Bahwa keberlangsungan dan kejayaan suatu negara-bangsa ditentukan oleh kesanggupannya saat merawat akar tradisi, baik disertai inovasi yang tepat dan terukur dengan kesanggupan memberikan respons yang ampuh terhadap tantangan yang dihadapinya.
Daya respons yang ampuh tersebut memerlukan perpaduan antara (1) kekuatan etos dan etika kewargaan yang dapat mengokohkan basis karakter, daya juang dan kohesi sosial (ranah tata nilai mental-kultural); (2) tatakelola negara yang dapat menjamin tegaknya negara hukum, negara persatuan, dan negara keadilan (ranah institusional-politikal); serta (3) tata sejahtera perekomian yang berkeadilan dan berkemakmuran melalui mekanisme redistributif atas harta, kesempatan dan privilese sosial disertai penguasaan ilmu pengetahuan dan teknologi yang dapat meningkatkan nilai tambah atas karunia sumberdaya terberikan (ranah materialteknologikal).
Setelah 25 tahun reformasi, bangsa Indonesia telah meraih berbagai kemajuan inkremental. Namun, kemajuan yang dicapai tersebut berdiri di atas landasan yang goyah.
Pada ranah tata nilai mental-kultural, politik sebagai teknik mengalami pencanggihan, tapi politik sebagai etik mengalami kemunduran. Politik dan etik terpisah seperti minyak dan air. Dengan meluluhnya dimensietik, Indonesia sebagai bangsa majemuk kehilangan basis dan simpul rasa saling percaya. Tanpa basis integritas, cita persatuan menjelma jadi persatean.
Pancasila dan nilai-nilai kebangsaan dirayakan dengan surplus ritual dan ucapan, namun miskin penghayatan dan pengamalan. Dalam realitasnya, Pancasila tak lagi dijunjung tinggi sebagai titik temu, titik tumpu, dan titik tuju kehidupan berbangsa dan bernegara.
Seruan Aliansi Kebangsaan Pemilu 2024 merupakan hajatan politik yang strategis untuk kembali ke fitrah cita negara, dengan (terus) menggalang kekuatan dan partisipasi rakyat, demi memperbaiki pelaksanaan demokrasi, sesuai dengan cita negara dan cita hukum Pancasila.

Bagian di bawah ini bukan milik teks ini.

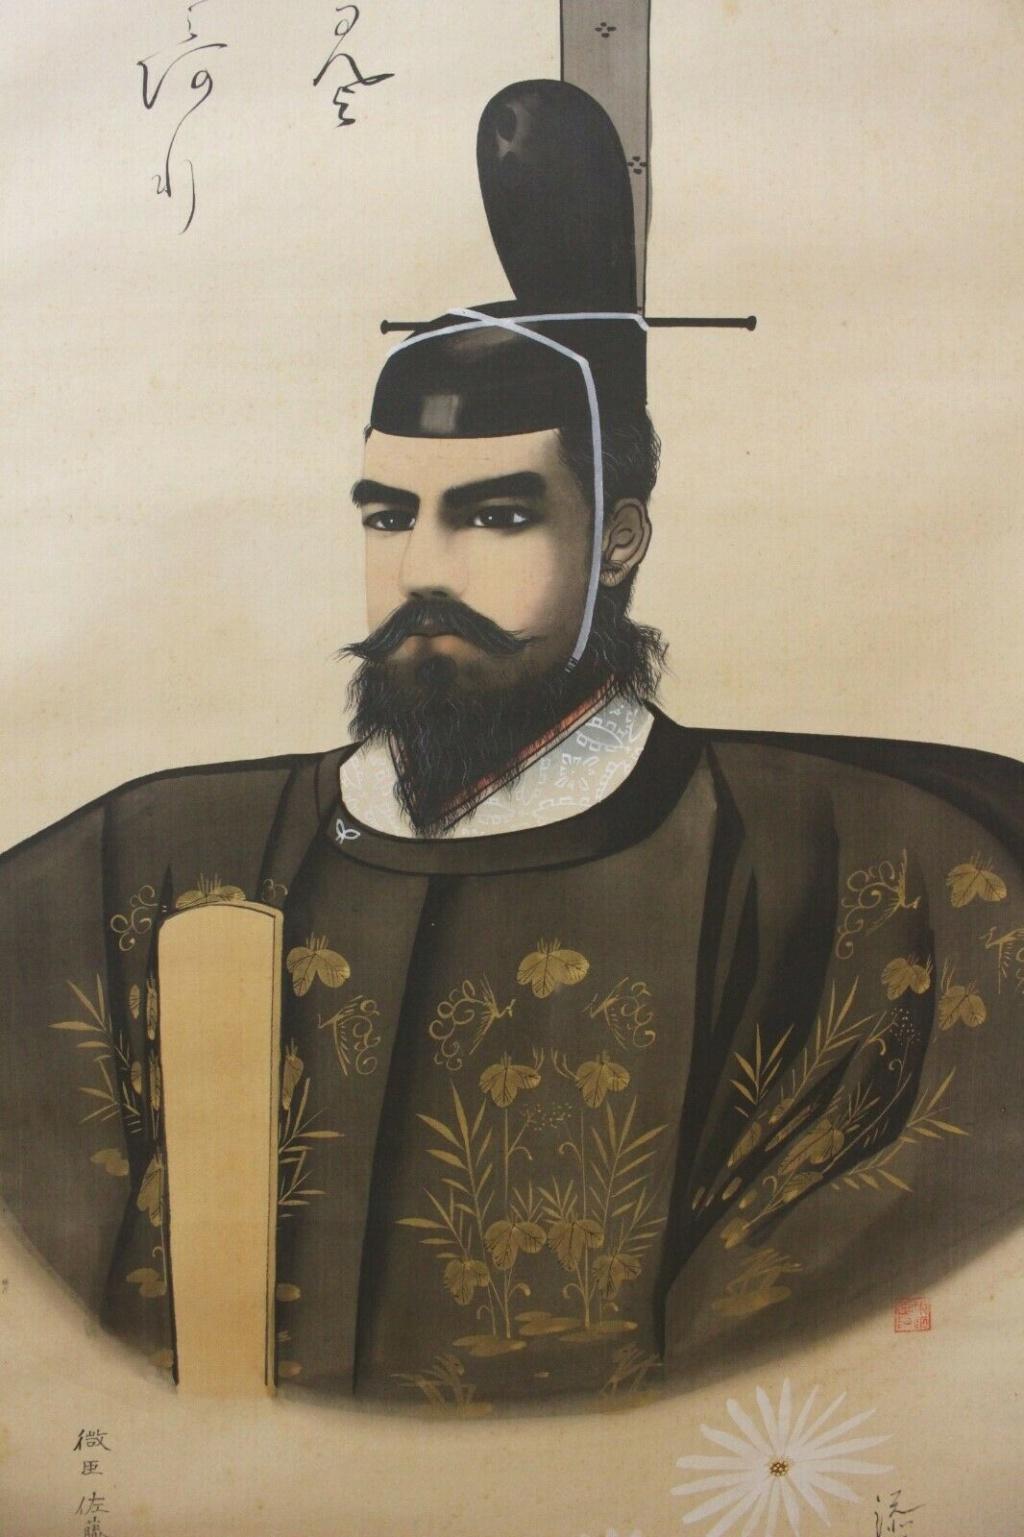 """L'art populaire """"Ôtsu-e"""" dans la représentation de l'emp. Taisho sur kakemono Meiji_11"""

Pada ranah tata kelola politik kenegaraan, kebebasan yang dimungkinkan demokrasi harus dibayar mahal dengan robohnya rumah tradisi kekeluargaan. Desain demokrasi dan kelembagaan negara menyimpang dari prinsip negara hukum, negara persatuan dan negara keadilan seperti dikehendaki oleh cita negara Pancasila.
Sistem demokrasi prosedural yang menekankan keterpilihan individu dalam sistem pemilu yang padat modal telah merusak prinsip-prinsip kesetaraan politik dan kesetaraan kesempatan, yang melahirkan demokrasi degeneratif di bawah tirani oligarki.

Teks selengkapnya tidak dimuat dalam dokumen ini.